-- PROVIDED DATA follows --

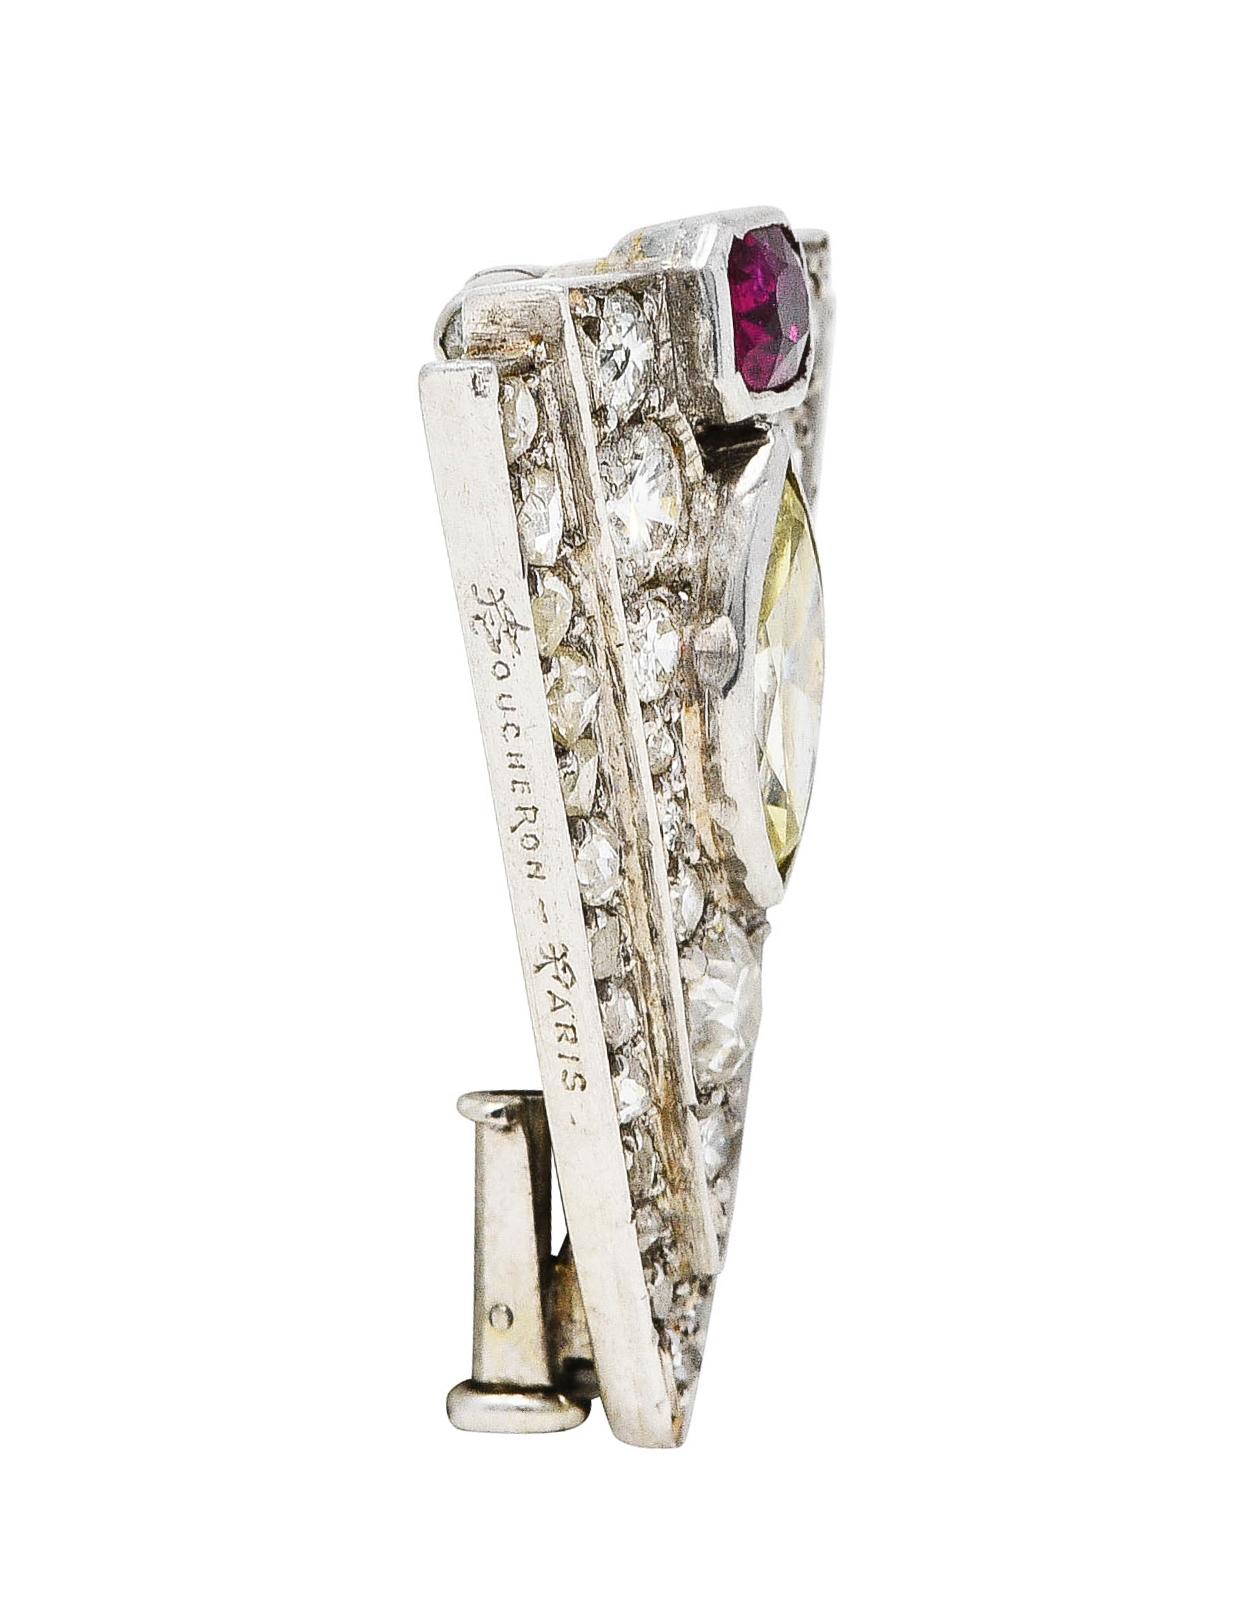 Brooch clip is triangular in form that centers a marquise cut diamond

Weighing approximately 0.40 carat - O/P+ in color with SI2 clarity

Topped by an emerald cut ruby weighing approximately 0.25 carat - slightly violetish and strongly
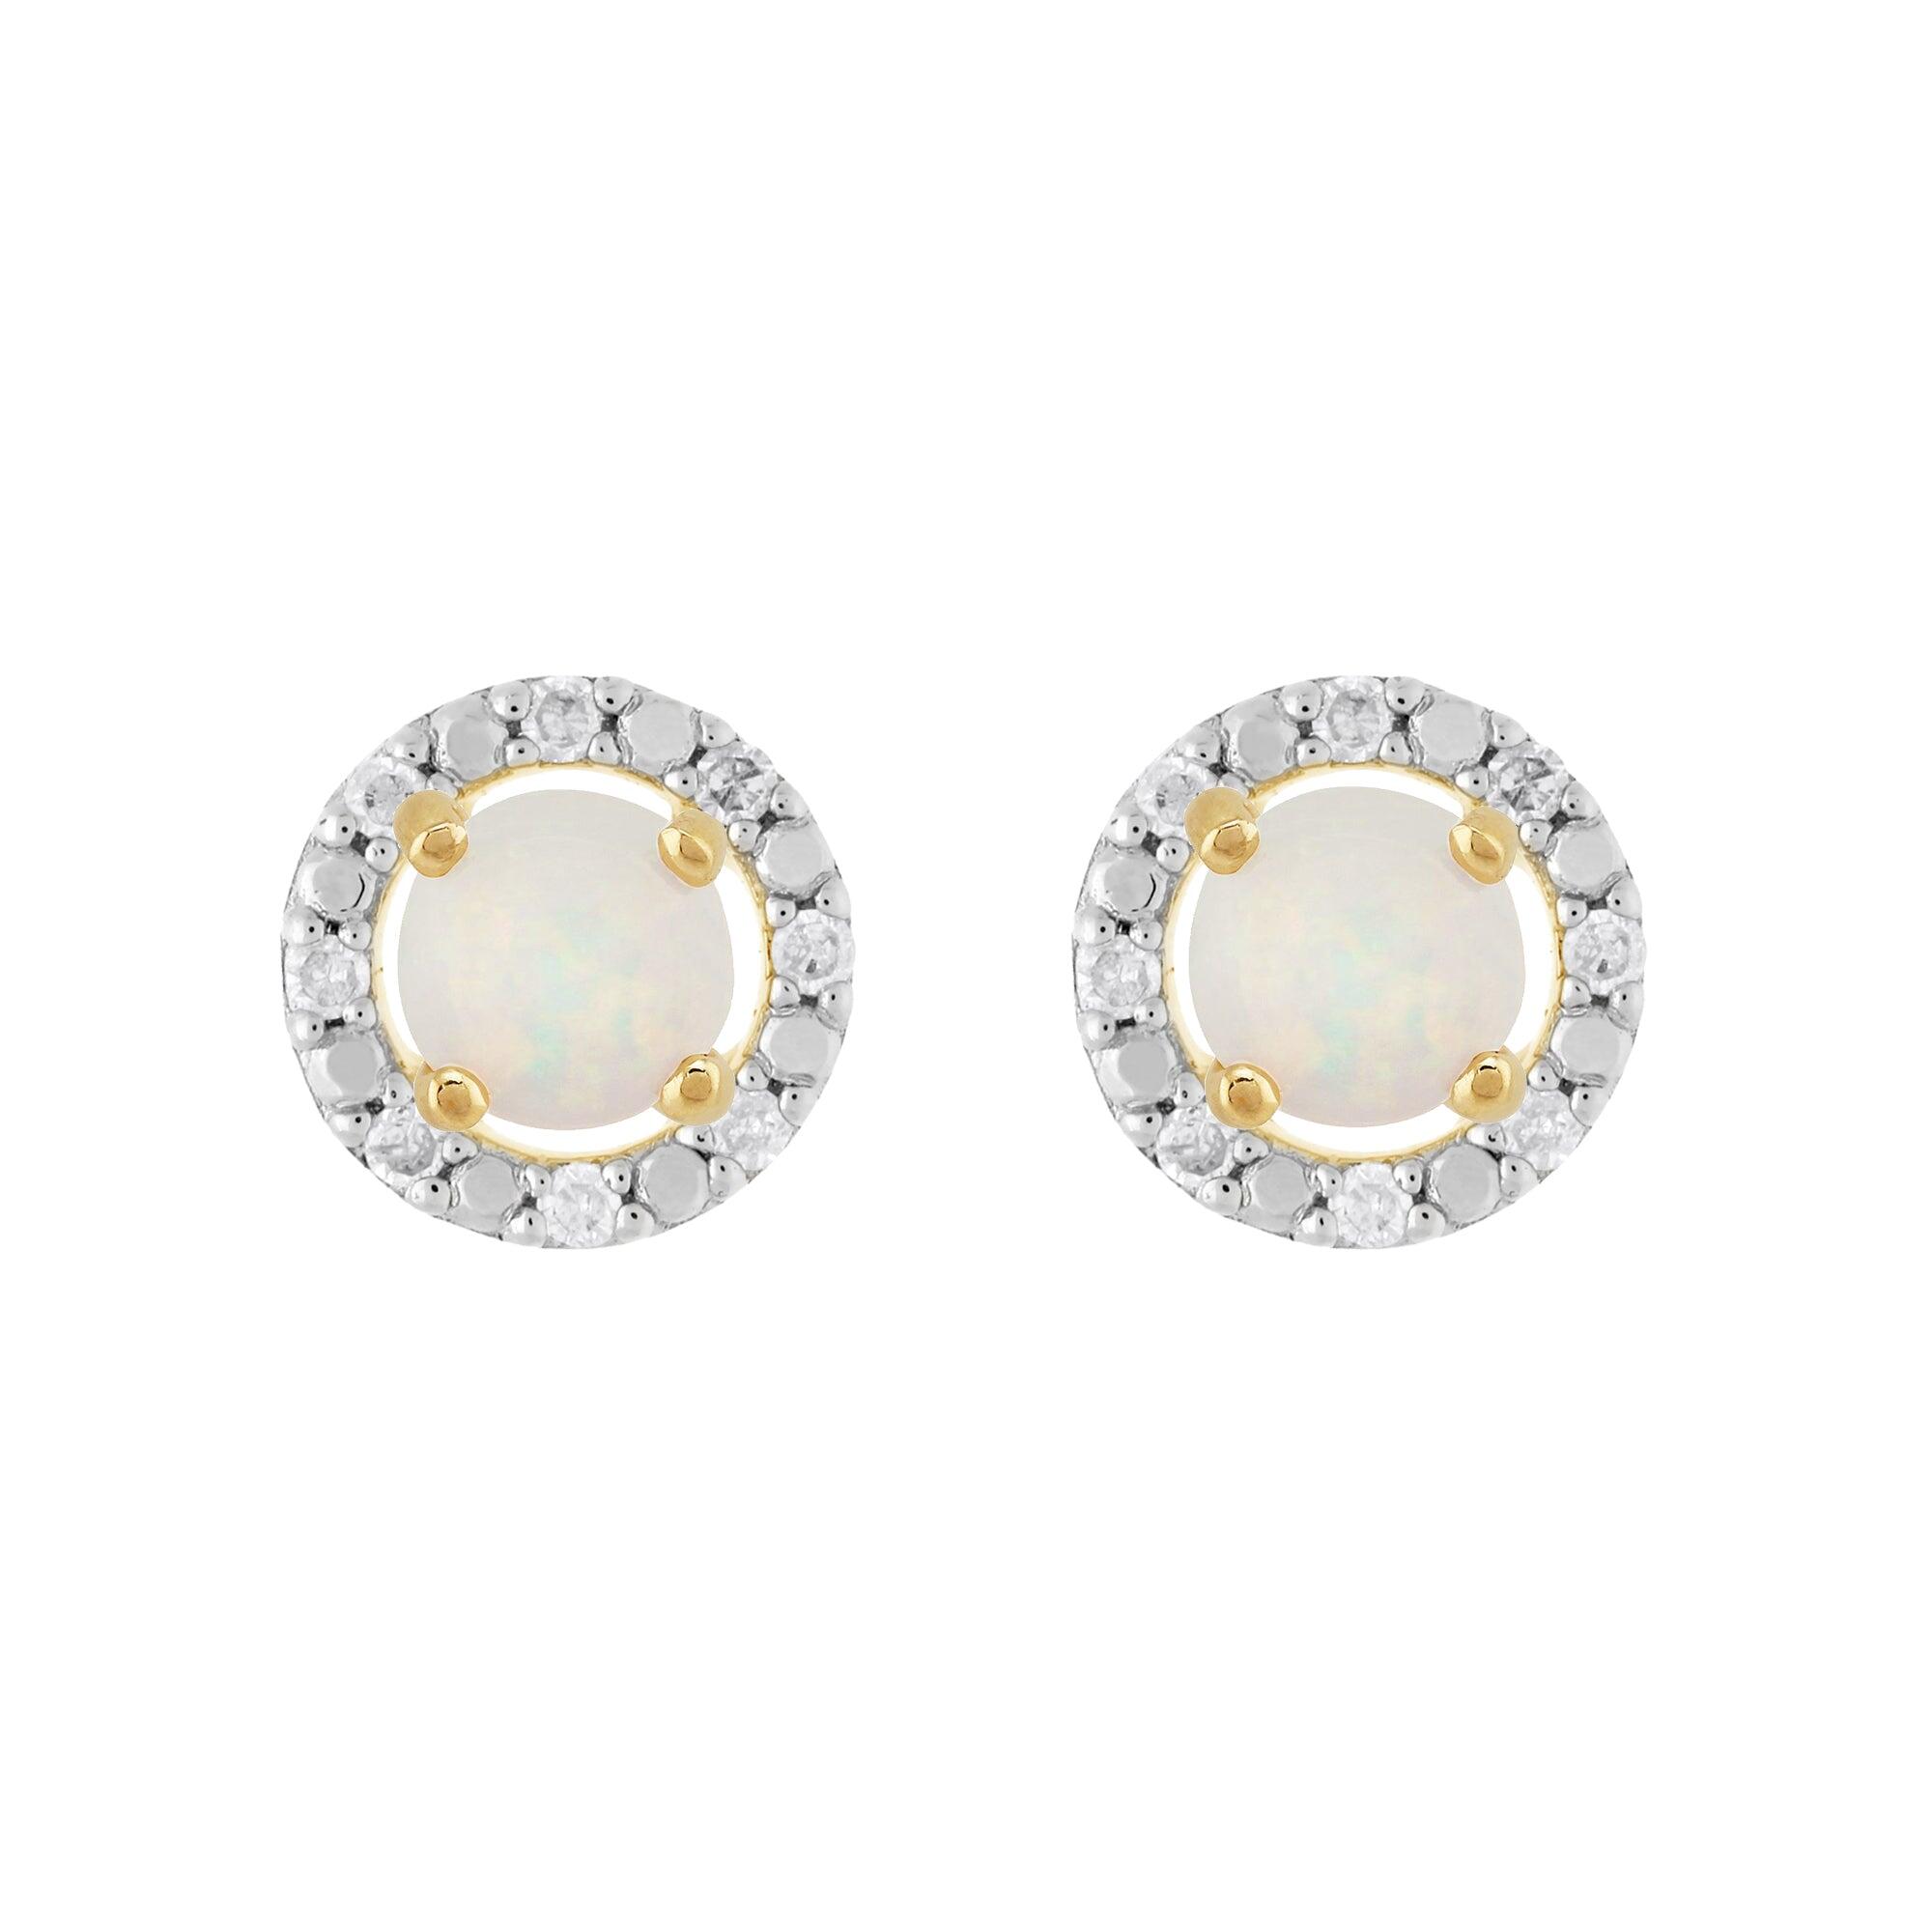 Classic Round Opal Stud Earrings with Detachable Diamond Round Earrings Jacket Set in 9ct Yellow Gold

-- PROVIDED DATA concluded --

TASK GOAL :: The lines from the one containing "Topped by an" through the final line of the data are to be repeated exactly, with both ends included and all pictures left out.

FINISHED TASK ::
Topped by an emerald cut ruby weighing approximately 0.25 carat - slightly violetish and strongly
 Classic Round Opal Stud Earrings with Detachable Diamond Round Earrings Jacket Set in 9ct Yellow Gold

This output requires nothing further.